On Dec. 12, Illinois became the 12th state, along with the District of Columbia, to legalize assisted suicide, amid outcry among the state’s Catholic bishops and other pro-life and disability advocates. Gov. JB Pritzker signed SB 1950 into law, allowing terminally ill adults who are Illinois residents to end their lives through self-administered lethal drugs prescribed by a physician.
As of Dec. 15, 46 prisoners have been executed in 11 U.S. states, a sharp increase over 25 executions in 2024. According to The Death Penalty Information Center, there are two more executions scheduled for 2025. The center notes, “For every 8.2 people executed in the United States in the modern era of the death penalty, one person on death row has been exonerated.”

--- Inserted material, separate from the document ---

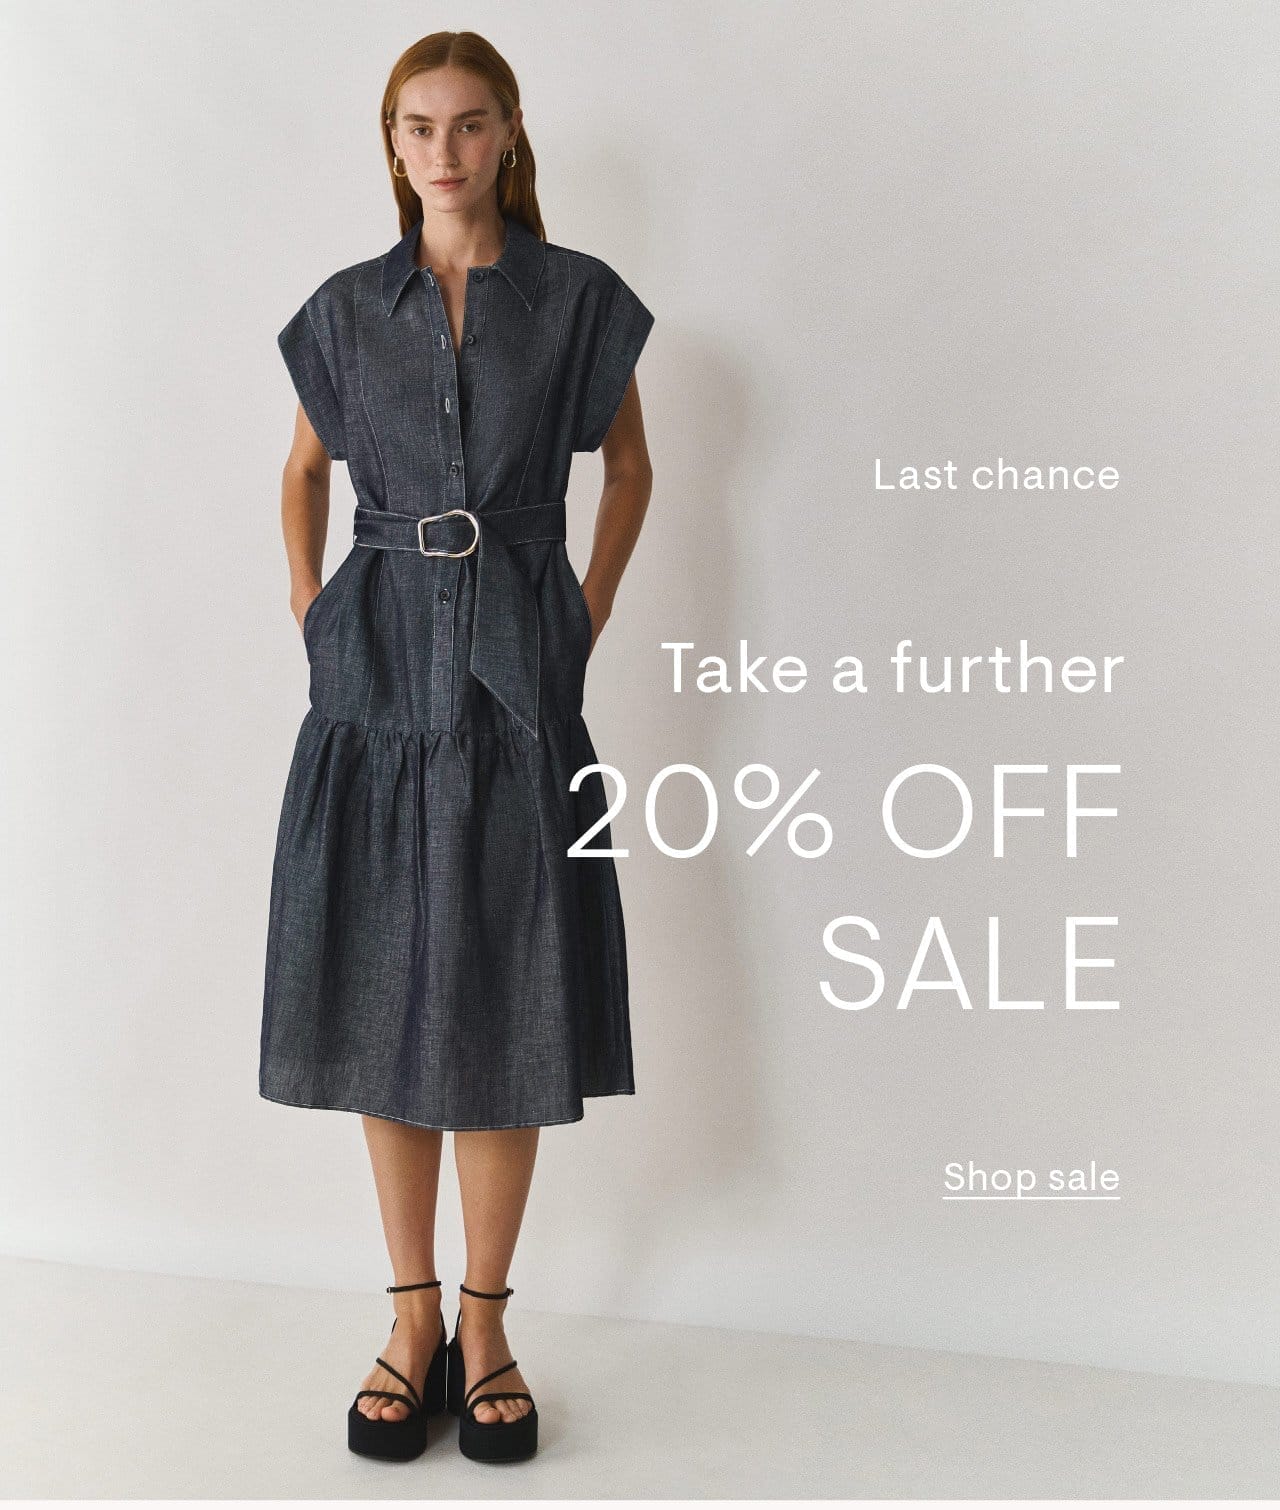 Last Chance. Take a further 20% off SALE

On Dec. 3, a new coalition of more than 50 organizations launched the U.S. Campaign to End the Death Penalty. Laura Porter, the campaign’s director, said the coalition comes at “a critical juncture in our country’s history with the death penalty, with executions on the rise and new experimental execution methods being promoted in a handful of states despite growing opposition to the death penalty.”
“It is more important than ever,” said Porter in a statement, “that we shine a light on capital punishment’s failures, and come together to show growing bipartisan support for ending executions.”